His research activity subsequently focused on the study of the neurobiological mechanisms of memory and non-associative learning in animal models. One of the main contributions of Brunelli was the identification of the cyclic AMP as the second messenger in nerve impulse transduction. In the mid-seventies it was known that serotonin acted on the terminals of sensory neurons by increasing the release of neurotransmitters into the synaptic cleft, but the mechanism of action was not known yet. Brunelli and colleagues injected cyclic AMP – whose role as a mediating molecule was well established – directly into the presynaptic terminal and observed that nerve transmission was facilitated.

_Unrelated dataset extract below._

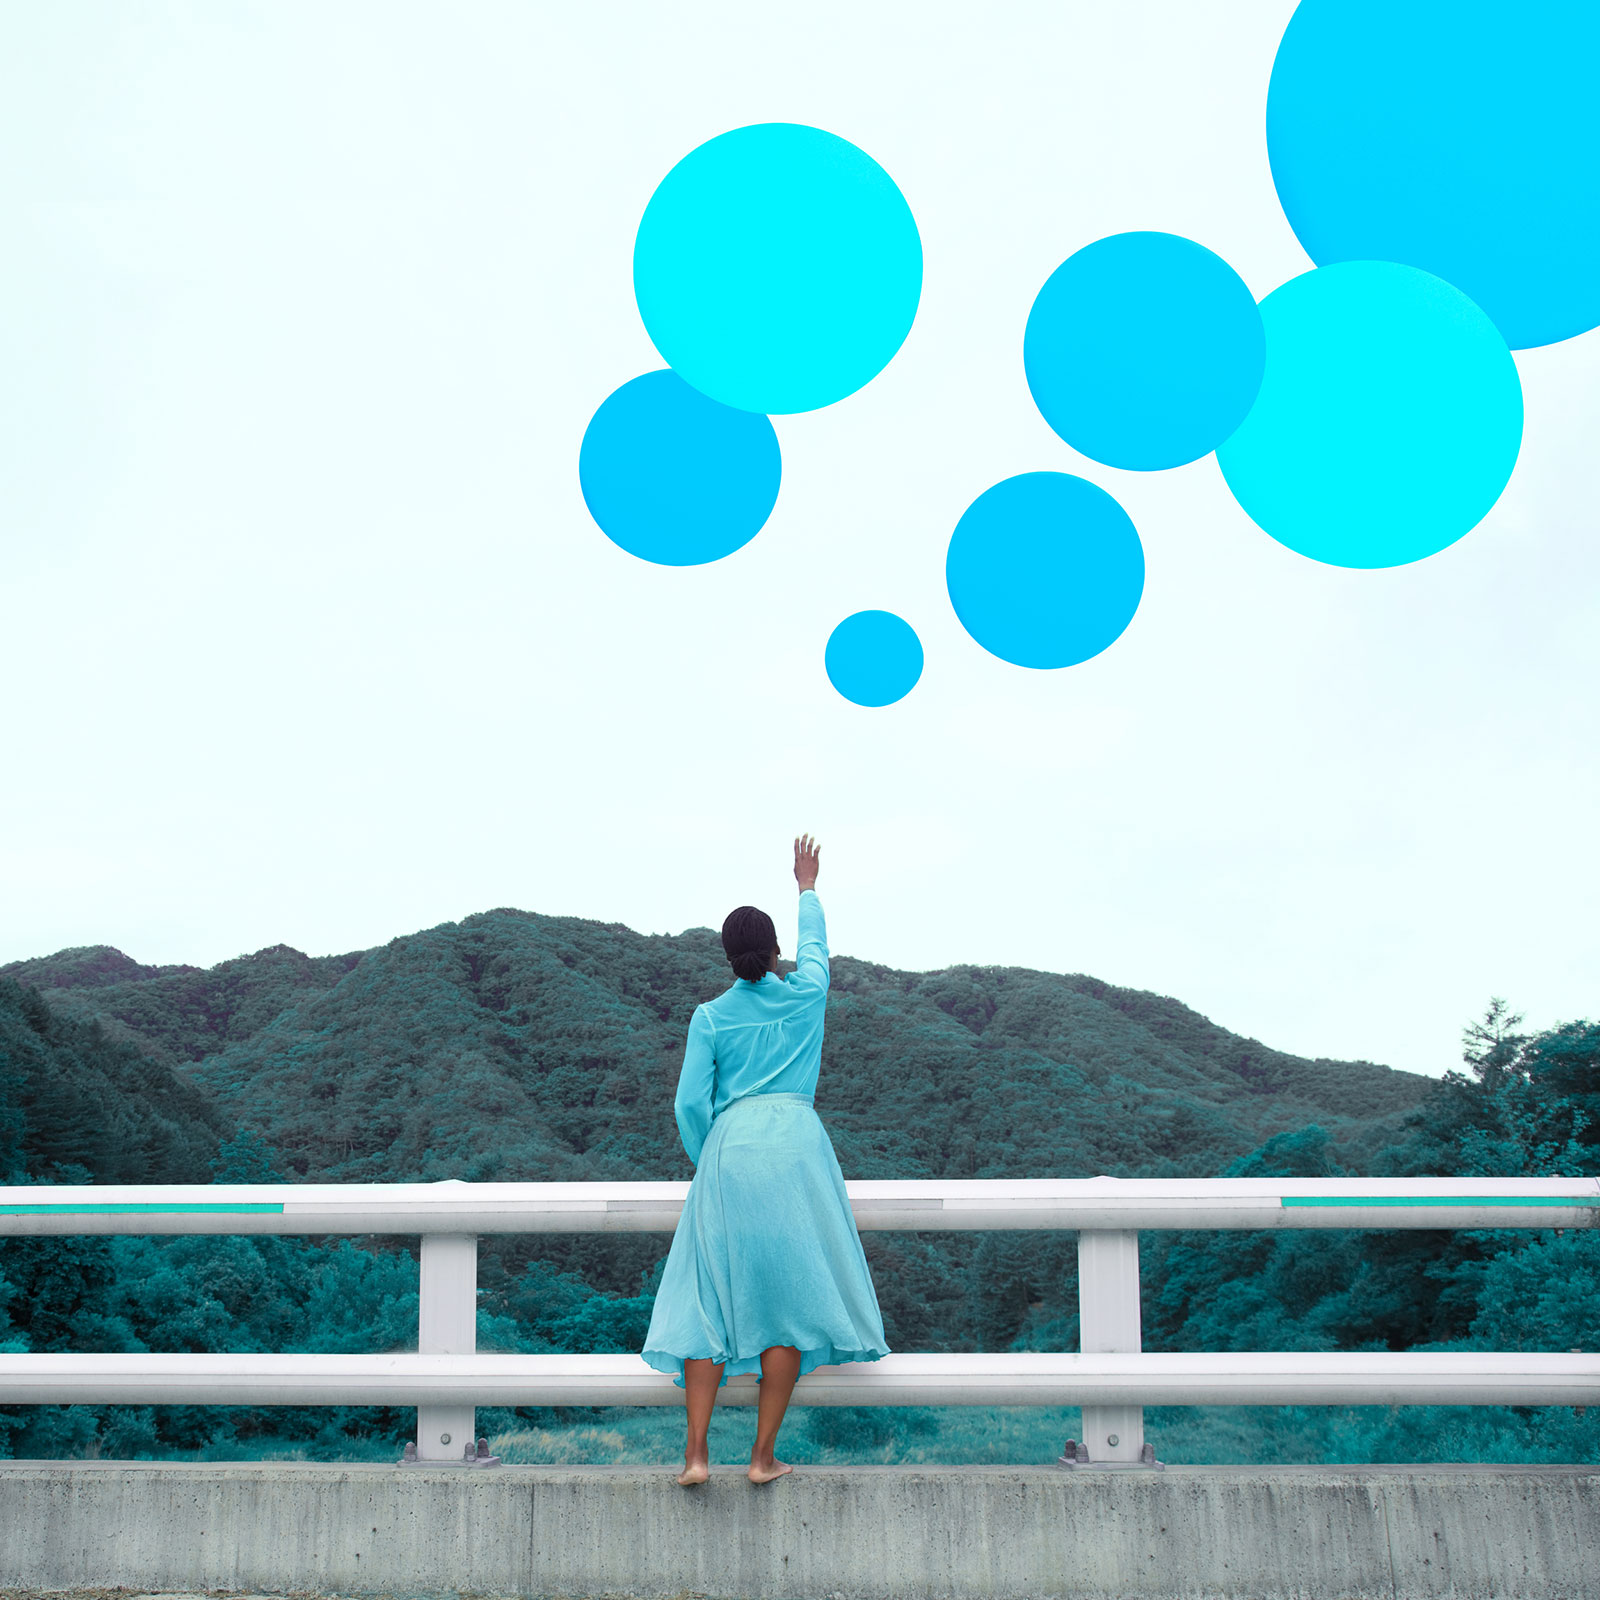 Woman reaching to the sky, towards bright blue balloons

This provided the most compelling evidence then available that cyclic AMP is involved in a specific physiological function in the nervous system and gave us an initial understanding of the molecular mechanisms of short-term memory.
— Eric R. Kandel

During the 1980s Brunelli continued his studies on the role of serotonin and intracellular calcium in synaptic modulation in the leech. The nervous system of this annelid consists of a chain of interconnected ganglia that contain relatively large and easily accessible neurons, lending itself well to electrophysiological recording. This has made it possible to make great progress in understanding the mechanisms of habituation and sensitization. In a series of experimental studies his group identified the role of acetyl-L-carnitine in influencing neuronal gene expression.

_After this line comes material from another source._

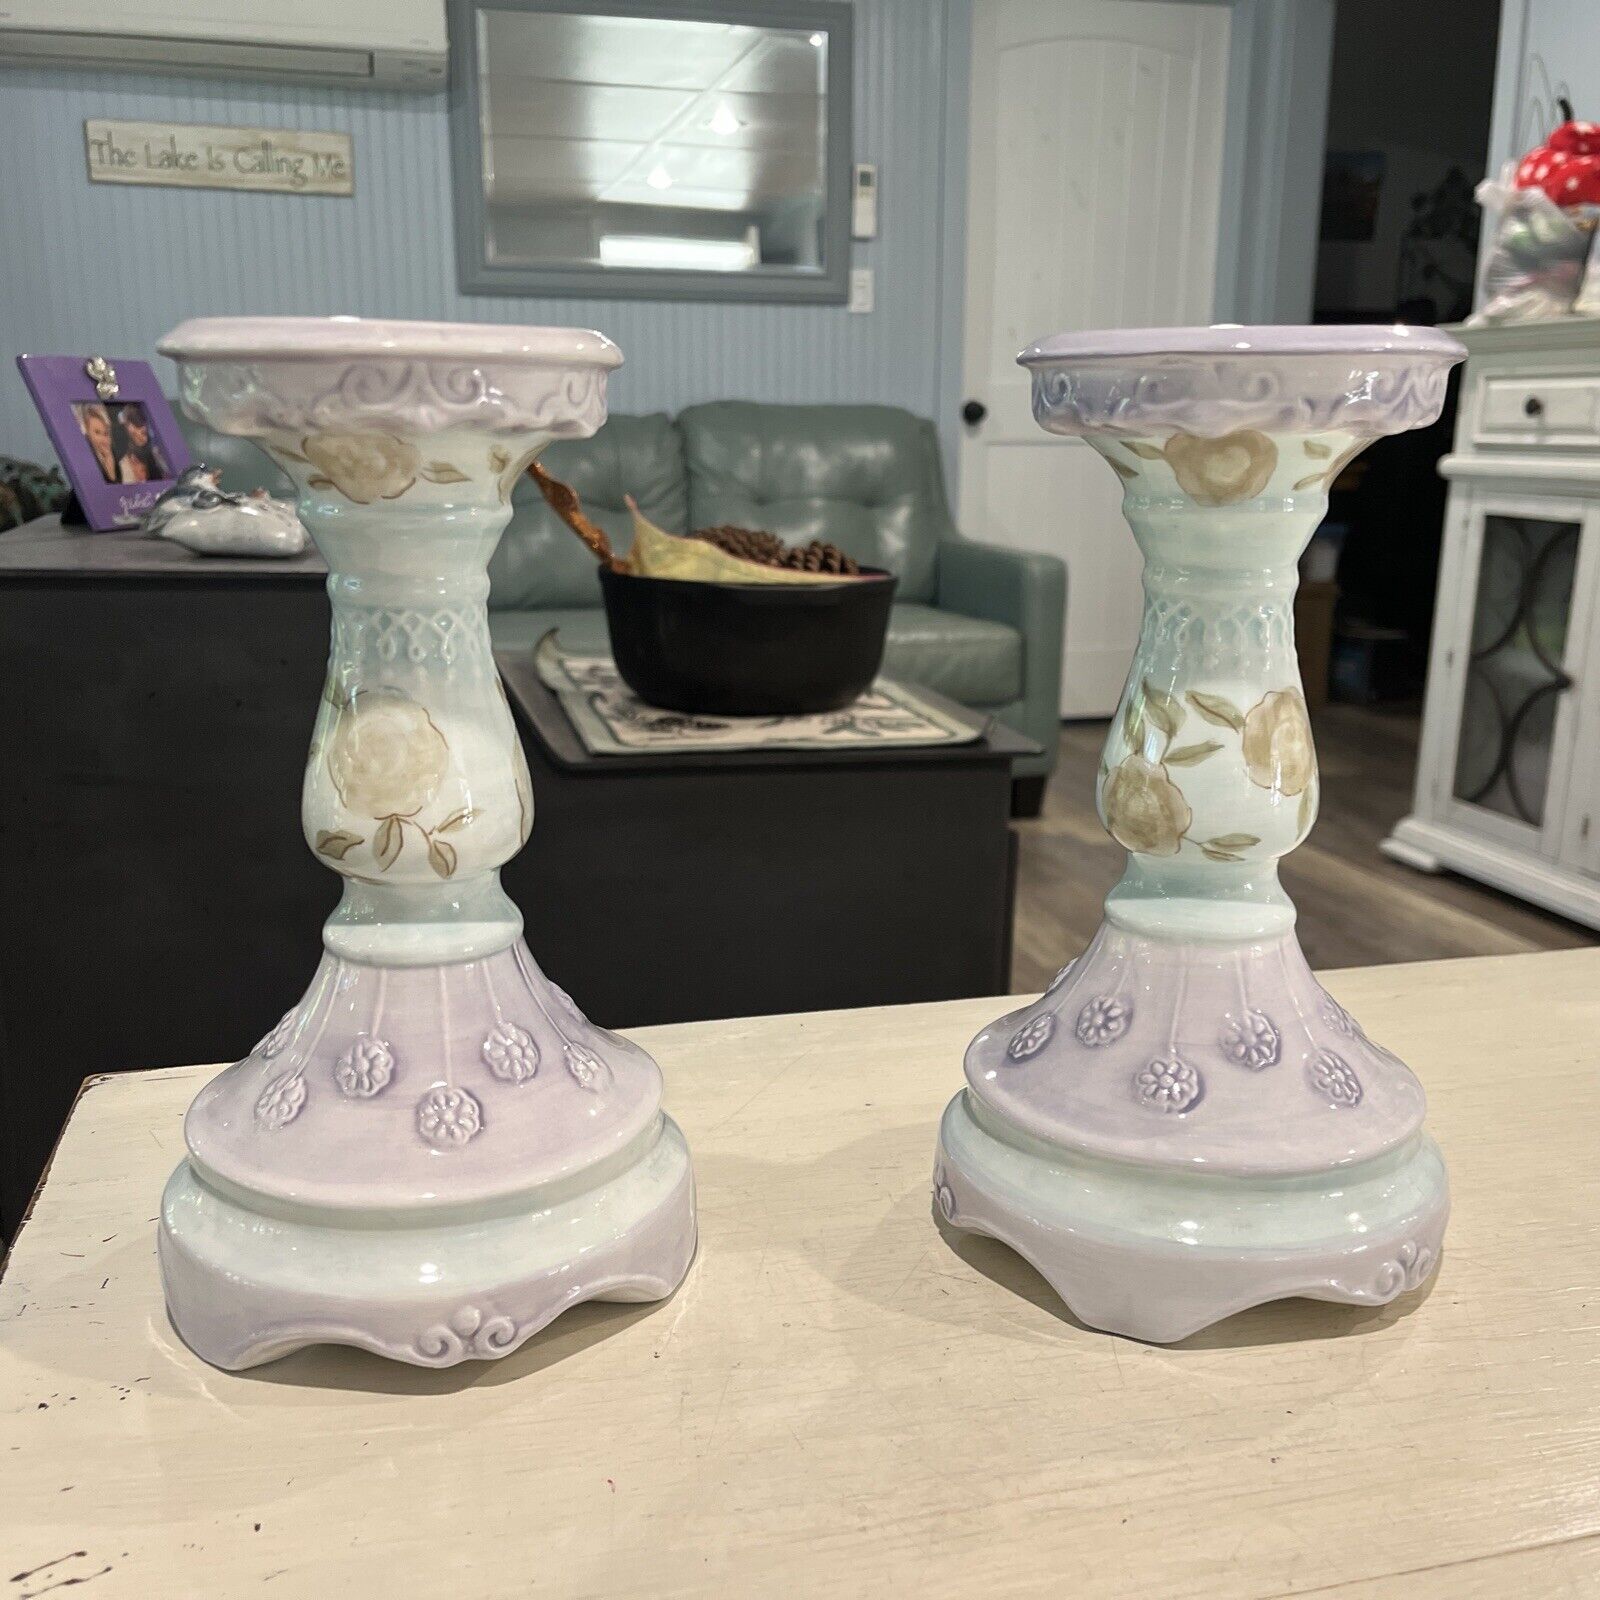 ONE PAIR Tracy Porter Handpainted Ceramic Candle stick holders￼ Prairie 9” ￼￼

Before retiring from academic life, Brunelli directed an interuniversity research group investigating the physiological and medical aspects of the trigeminal-cardiac reflex (TCR) associated with proprioceptive stimulation of the jaw. The TCR is a still poorly known vagal reflex activated by the stimulation of the trigeminal nerve that induces a sustained reduction of heart rate and mean arterial pressure. Brunelli and colleagues observed the activation of the reflex following mandibular stretching in humans. Further experiments on the rat have shown a concurrent vasodilation of pial arterioles.